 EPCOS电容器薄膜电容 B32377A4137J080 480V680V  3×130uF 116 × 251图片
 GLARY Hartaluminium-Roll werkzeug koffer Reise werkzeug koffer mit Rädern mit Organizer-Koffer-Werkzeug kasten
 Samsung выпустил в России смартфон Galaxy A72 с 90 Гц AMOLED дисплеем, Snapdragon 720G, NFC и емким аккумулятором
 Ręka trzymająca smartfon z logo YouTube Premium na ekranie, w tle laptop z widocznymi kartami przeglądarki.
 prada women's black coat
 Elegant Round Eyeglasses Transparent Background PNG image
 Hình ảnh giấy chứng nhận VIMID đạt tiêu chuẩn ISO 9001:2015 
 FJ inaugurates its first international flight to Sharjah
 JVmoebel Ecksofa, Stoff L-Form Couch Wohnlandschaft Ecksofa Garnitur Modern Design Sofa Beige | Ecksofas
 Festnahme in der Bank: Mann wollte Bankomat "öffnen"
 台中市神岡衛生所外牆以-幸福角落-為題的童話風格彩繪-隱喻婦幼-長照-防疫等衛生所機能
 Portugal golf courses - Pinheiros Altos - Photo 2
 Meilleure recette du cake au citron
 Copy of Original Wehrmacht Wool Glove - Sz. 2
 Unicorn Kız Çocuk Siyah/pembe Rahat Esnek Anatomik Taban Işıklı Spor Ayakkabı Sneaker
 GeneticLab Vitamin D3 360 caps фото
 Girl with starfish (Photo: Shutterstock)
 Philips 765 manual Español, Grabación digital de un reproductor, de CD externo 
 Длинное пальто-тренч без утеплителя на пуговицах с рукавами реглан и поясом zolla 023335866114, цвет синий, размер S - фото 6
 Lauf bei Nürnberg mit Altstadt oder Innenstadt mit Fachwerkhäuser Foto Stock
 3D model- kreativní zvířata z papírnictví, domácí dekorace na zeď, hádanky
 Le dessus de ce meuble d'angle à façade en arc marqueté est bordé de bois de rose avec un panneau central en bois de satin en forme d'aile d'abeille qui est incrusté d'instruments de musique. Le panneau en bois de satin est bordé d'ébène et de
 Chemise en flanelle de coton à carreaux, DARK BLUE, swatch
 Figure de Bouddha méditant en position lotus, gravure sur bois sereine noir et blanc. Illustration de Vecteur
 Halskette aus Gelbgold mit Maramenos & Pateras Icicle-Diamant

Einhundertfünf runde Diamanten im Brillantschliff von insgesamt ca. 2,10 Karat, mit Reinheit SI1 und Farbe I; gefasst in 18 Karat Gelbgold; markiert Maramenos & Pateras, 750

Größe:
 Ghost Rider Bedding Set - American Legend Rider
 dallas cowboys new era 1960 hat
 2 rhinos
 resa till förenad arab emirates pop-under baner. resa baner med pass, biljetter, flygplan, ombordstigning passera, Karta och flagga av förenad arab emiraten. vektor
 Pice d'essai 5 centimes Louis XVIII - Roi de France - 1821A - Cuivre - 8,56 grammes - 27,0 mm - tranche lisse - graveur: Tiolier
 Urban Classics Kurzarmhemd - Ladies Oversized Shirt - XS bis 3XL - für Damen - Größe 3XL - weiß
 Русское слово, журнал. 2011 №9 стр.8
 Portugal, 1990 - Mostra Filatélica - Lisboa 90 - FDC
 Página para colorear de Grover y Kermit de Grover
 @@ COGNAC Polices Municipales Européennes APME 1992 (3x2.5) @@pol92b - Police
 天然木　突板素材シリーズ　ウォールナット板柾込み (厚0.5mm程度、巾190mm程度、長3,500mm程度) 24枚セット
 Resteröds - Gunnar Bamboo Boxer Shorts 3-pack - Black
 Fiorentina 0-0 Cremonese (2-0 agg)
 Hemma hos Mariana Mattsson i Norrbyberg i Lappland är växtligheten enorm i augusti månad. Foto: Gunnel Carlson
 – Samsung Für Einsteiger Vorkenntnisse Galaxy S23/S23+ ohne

## Problem statement
Which lines of the material above hold the string "bois"? Pull them out.

## Completed task
 Le dessus de ce meuble d'angle à façade en arc marqueté est bordé de bois de rose avec un panneau central en bois de satin en forme d'aile d'abeille qui est incrusté d'instruments de musique. Le panneau en bois de satin est bordé d'ébène et de
 Figure de Bouddha méditant en position lotus, gravure sur bois sereine noir et blanc. Illustration de Vecteur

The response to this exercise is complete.